Deux scènes en particulier, qui figurent l'aboutissement de la communion spirituelle des moines
en icône de la résistance, témoignent d'une audace peu commune dans le cinéma français
d'aujourd'hui. La puissance qui s'en dégage conduit à se demander si, à l'heure des échanges
mondialisés, il n'y a pas un effet libérateur à raconter des histoires qui s'affranchissent des
frontières hexagonales.
Succès populaire et critique, donné grand favori de la 36e cérémonie des César, le film de
Xavier Beauvois "Des Hommes et des Dieux" a effectivement été consacré vendredi soir lors de
la grand-messe du cinéma français, au théâtre du Châtelet, sous la présidence de l'actrice
américaine Jody Foster.
Le drame consacré aux moines de Tibéhirine, enlevés et assassinés en 1996 en Algérie, a
remporté le César du meilleur film, celui de la meilleure photo décerné à Caroline Champetier et
du meilleur second rôle, attribué à Michael Lonsdale, alias Frère Luc.
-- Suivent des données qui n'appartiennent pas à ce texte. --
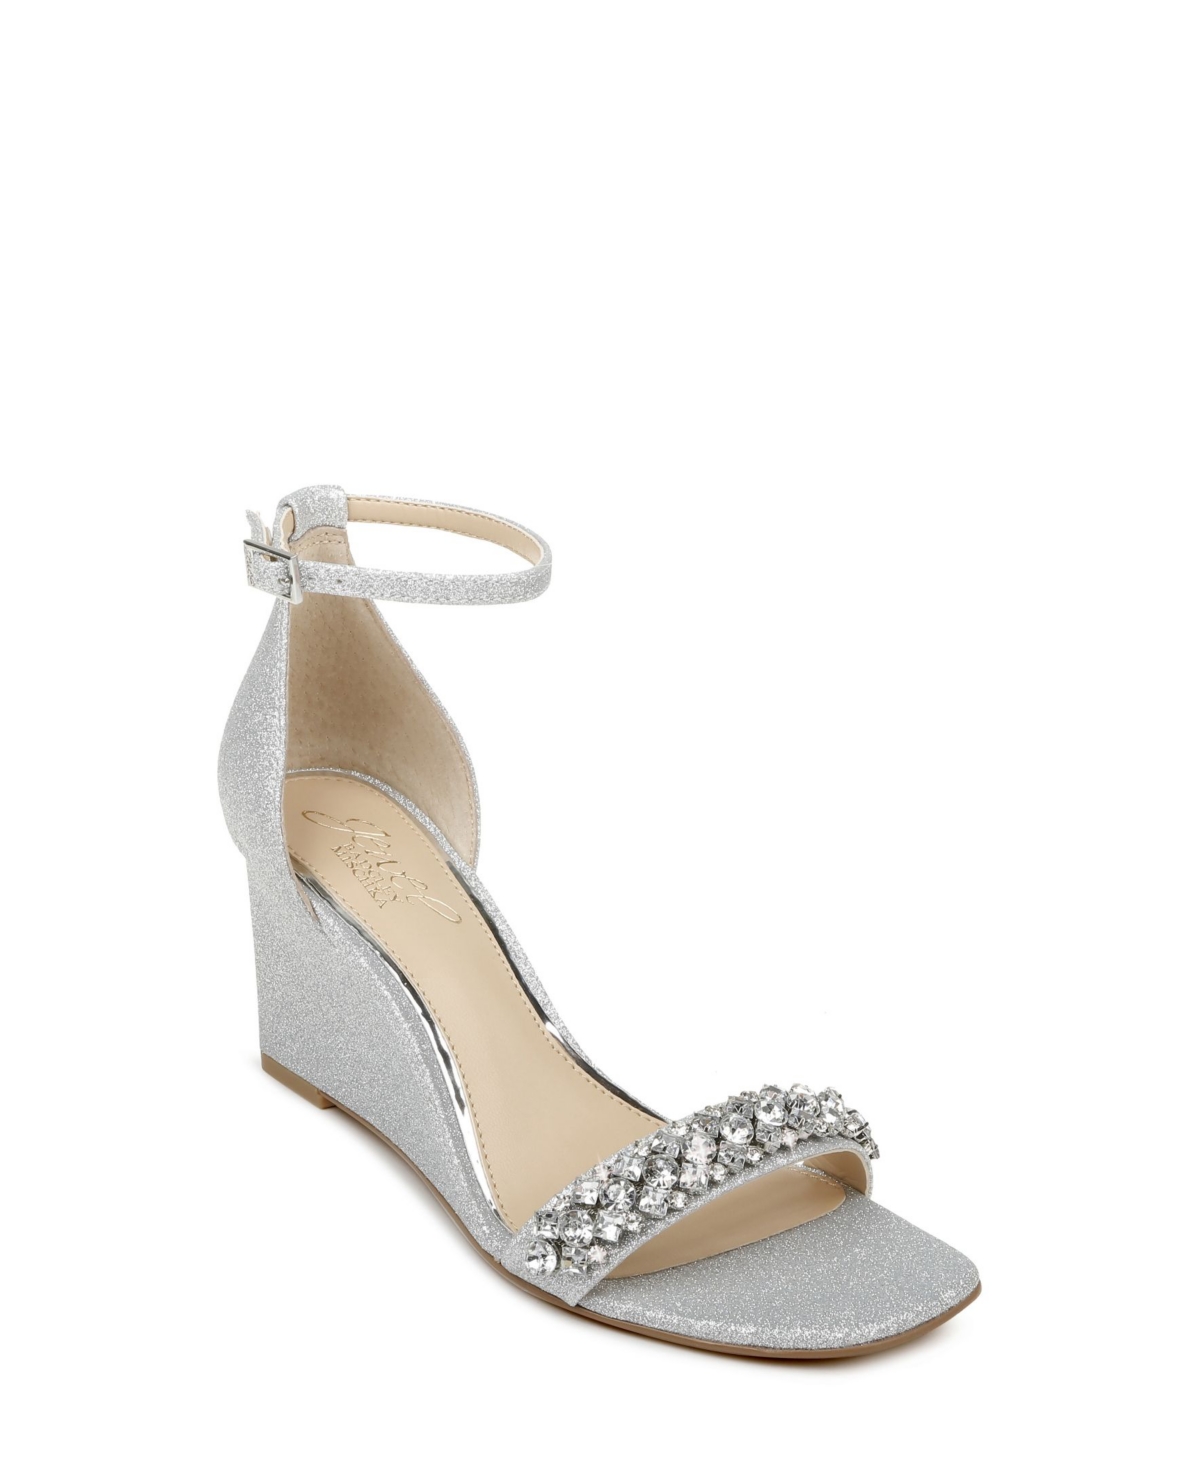 Women's Peggy Wedge Evening Sandals - Silver Glitter

Sous les acclamations du public, l'acteur pour la première fois "césarisé" à l'aube de ses 80 ans a
accueilli la récompense d'un "Ah petit coquin, tu en as mis du temps, mais mieux vaut tard que
jamais".
Dans un tout autre registre, très politique, le cinéaste Xavier Beauvois également nommé pour le
César du meilleur réalisateur, finalement décroché par Roman Polanski, a profité de l'occasion
pour lancer un appel à la "fraternité" envers les "Français musulmans".
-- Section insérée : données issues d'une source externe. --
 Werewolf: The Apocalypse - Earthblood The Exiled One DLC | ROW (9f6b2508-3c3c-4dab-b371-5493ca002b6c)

Recevant le prix décerné à "Des Hommes et des Dieux", le réalisateur a expliqué que cette
oeuvre visait à délivrer "la parole d'intelligence" des moines martyrs, "une parole qui dit qu'il ne
faut pas avoir peur des autres", qu'"il faut juste se parler".
"C'est un message d'égalité, de liberté, de fraternité" a-t-il déclaré reprenant la devise de la
république avant de dénoncer des "choses immondes" qu'il a pu entendre en France ces derniers
temps, "des choses sournoises comme Zemmour ou des choses intolérables comme Hortefeux".
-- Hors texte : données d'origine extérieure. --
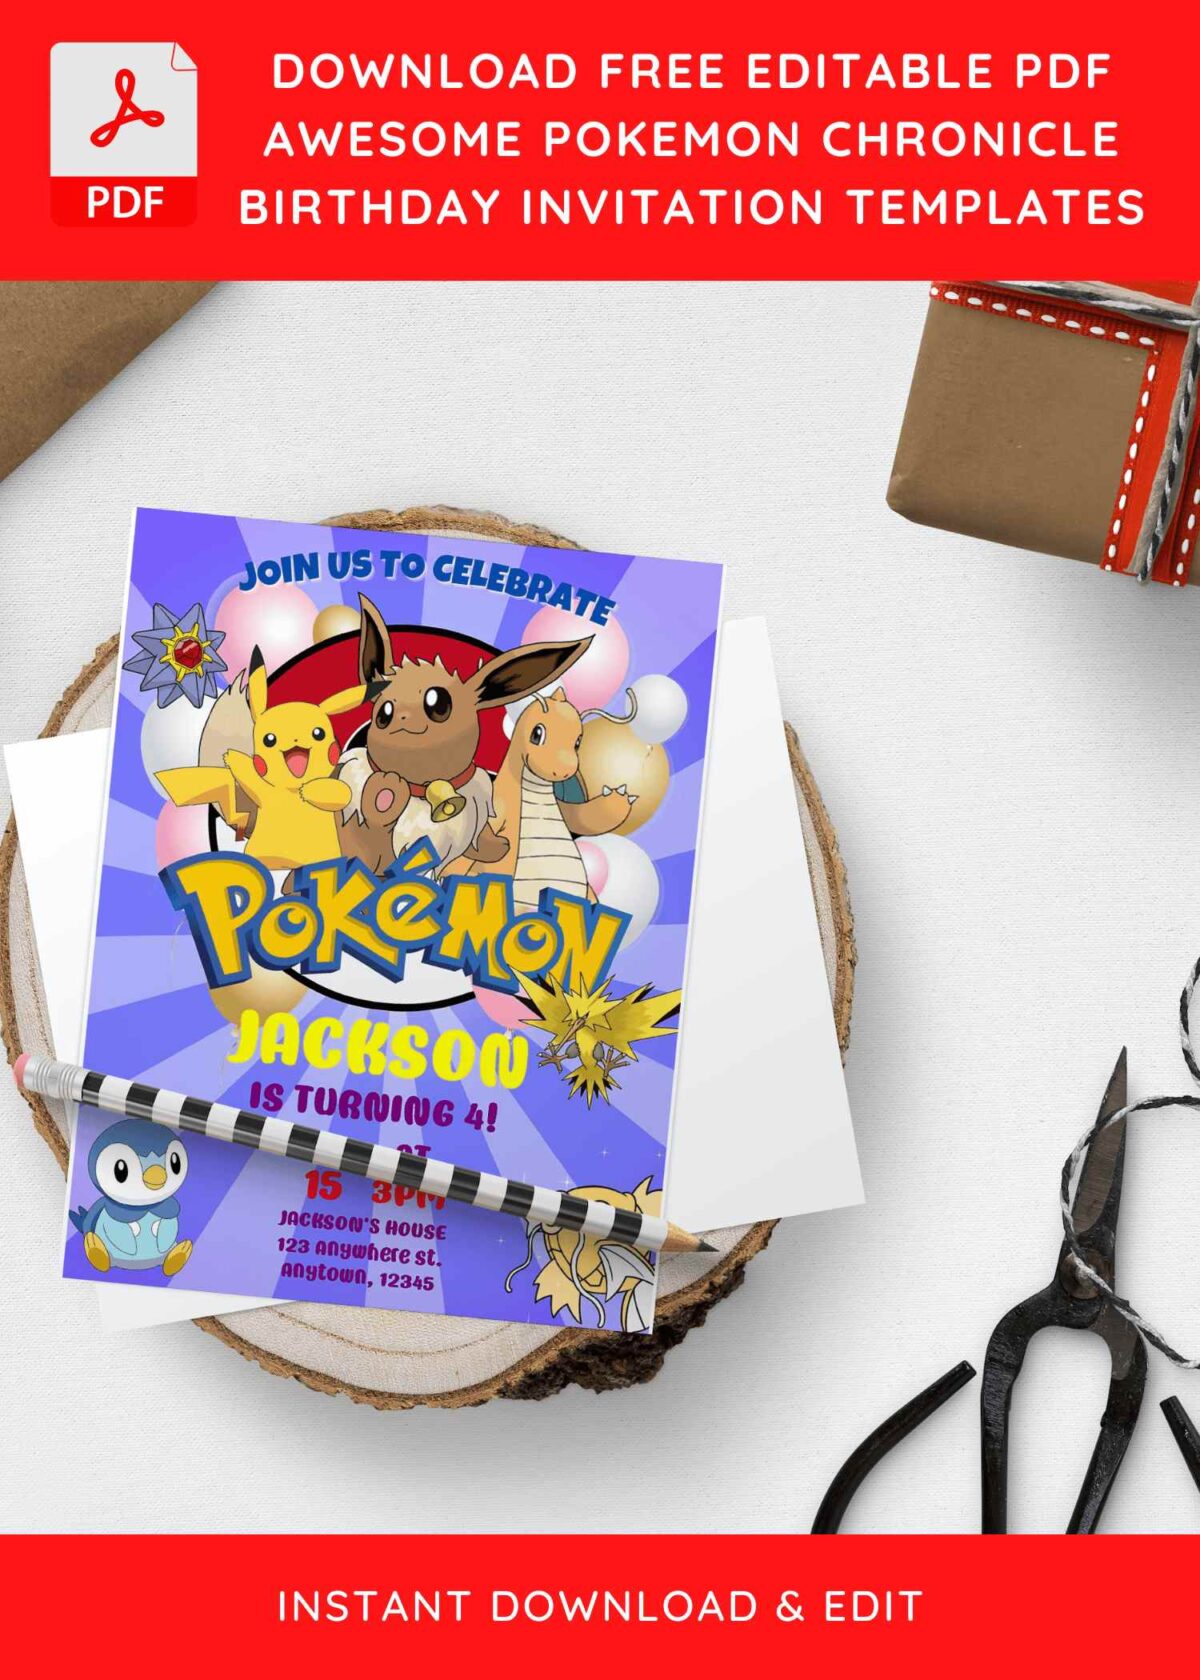 (Free Editable PDF) Epic Pokémon Chronicle Birthday Invitation Templates with Pikachu

"Le cinéma français est comme la France, il est riche, il est divers, je n'ai pas envie que
pendant la campagne électorale qui arrive, on dise du mal des Français musulmans. J'ai
envie qu'on soit avec eux, c'est la leçon de ce film" a poursuivi Xavier Beauvois.
Nommé pour la septième fois de sa carrière, pour sa performance dans ce même film, Lambert
Wilson est une fois de plus passé à côté du César du meilleur acteur, remporté par Eric
Elmosnino pour son rôle dans "Gainsbourg, vie héroïque".
Autre grand vainqueur de la soirée, ce long métrage signé de l'auteur de BD Joann Sfar a aussi
été couronné du César du meilleur premier film et du meilleur son.
Parmi les autres films attendus, le "Nom des gens" a quant à lui remporté deux trophées, celui de
la meilleure actrice pour Sara Forestier et du meilleur scénario original pour le couple Baya
Kasmi et Michel Leclerc, qui, récupérant le César, a remercié le travail des acteurs, dont Lionel
Jospin, tout sourire dans le public du théâtre du Châtelet.
A noter encore, le premier César du meilleur film d'animation, revenu à "L'Illusionniste", de
Sylvain Chomet qui l'a notamment emporté sur une production de Luc Besson et le triomphe de
Polanski, qui loin de ses déboires judiciaires est donc reparti auréolé de quatre César, celui du
meilleur réalisateur pour "The Ghost Writer", monté alors qu'il était en résidence surveillée en
Suisse, de la meilleure adaptation, de la musique et du montage.
Plus consensuel, le cinéaste américain Quentin Tarentino, César d'honneur, a promis "de ne pas
avoir la grosse tête à cause de ce César qui restera profondément ancré dans [s]on coeur" et a
quitté la scène en s'écriant "Vive le cinéma", comme il l'avait déjà fait au Festival de Cannes.